There was something about the 1940s and 1970s.

Between "Saving Private Ryan" (itself a surprise box-office hit), "Life Is Beautiful" and "The Thin Red Line" (coming to Baltimore Jan. 12), World War II was hot, hot, hot. Spliced in among the war pictures were reminiscences of the 1970s, with "54" (featuring an outstanding performance by Mike Myers as disco impresario Steve Rubell), "The Last Days of Disco" and Todd Haynes' trippy ode to glam rock, "Velvet Goldmine." Chalk it up to -- who else? -- the Boomers, who seem permanently torn between the moral ideals of their parents and the narcissism, overindulgence and sexual freedom they miss so badly.

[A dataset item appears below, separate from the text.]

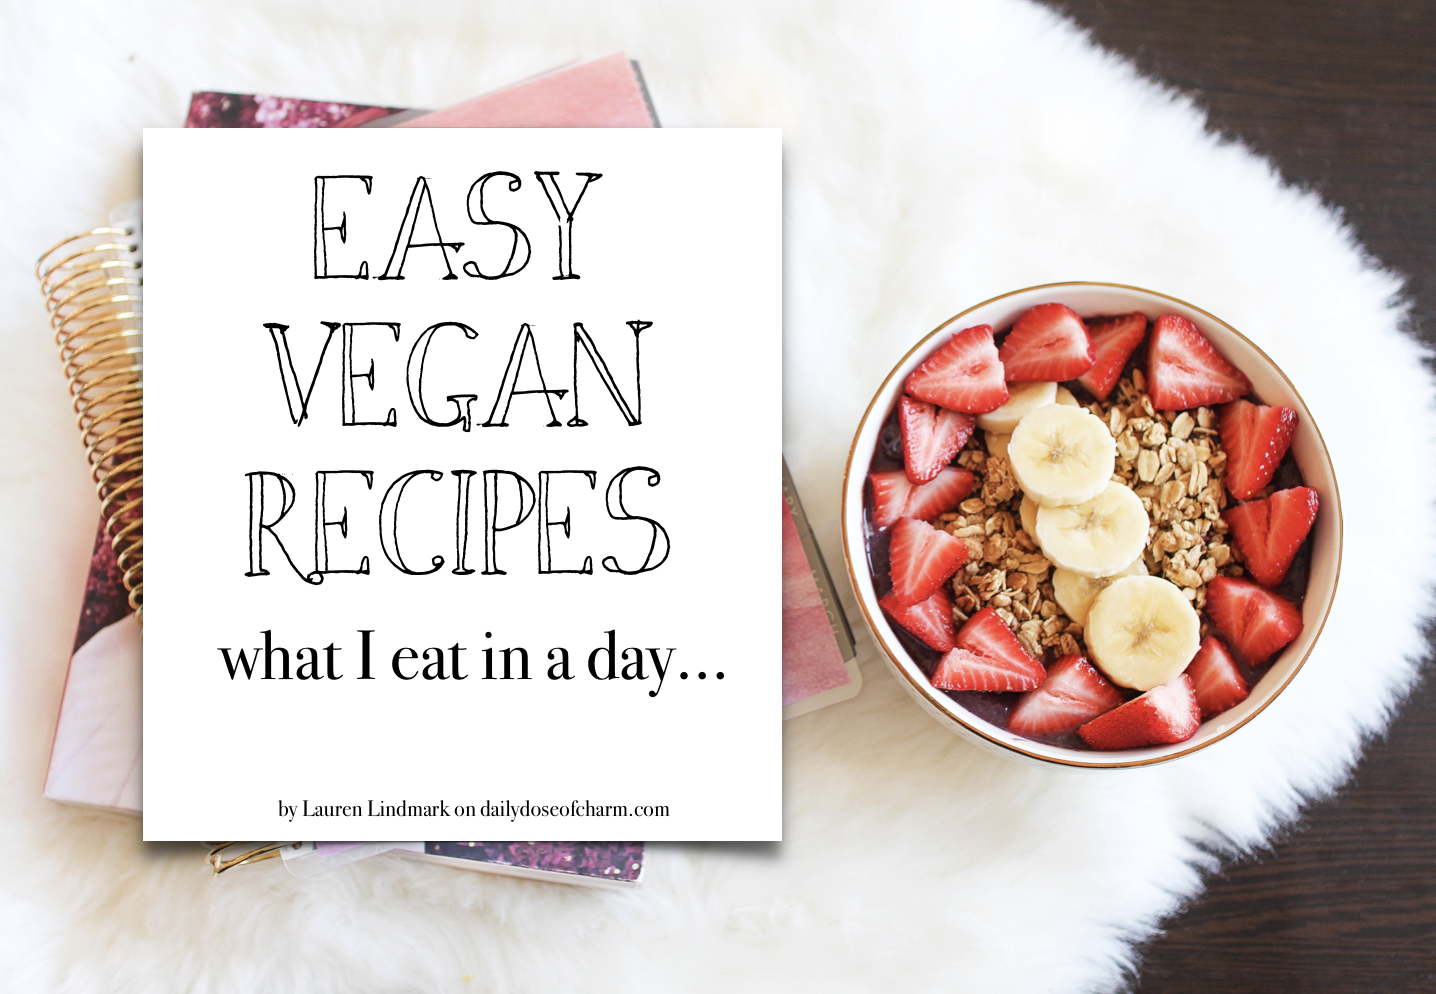 Vegan Recipes! What I eat in a day healthy and plant based! Acai Bowl, Black bean and corn rice, peanut butter apples, and potatoes with Sriracha aioli! By Lauren Lindmark on daily dose of charm dailydoseofcharm.com

Mr. Reaper, call your agent.

This is the last time we mention the Baby Boomers, promise, but who could miss the cardinal theme of mortality-anxiety that draped over 1998 like a pale shroud? First we had to suffer through "City of Angels" (the pointless re-make of the much better German film "Wings of Desire"), which proved definitively that something can be leaden and sudsy at the same time.

Pretty soon, it seemed that every Friday brought some permutation on death, dying and the afterlife. If it wasn't Robin Williams beaming earnestly in the muddle-headed "What Dreams May Come," it was Brad Pitt looking like a stoned Kewpie Doll in "Meet Joe Black."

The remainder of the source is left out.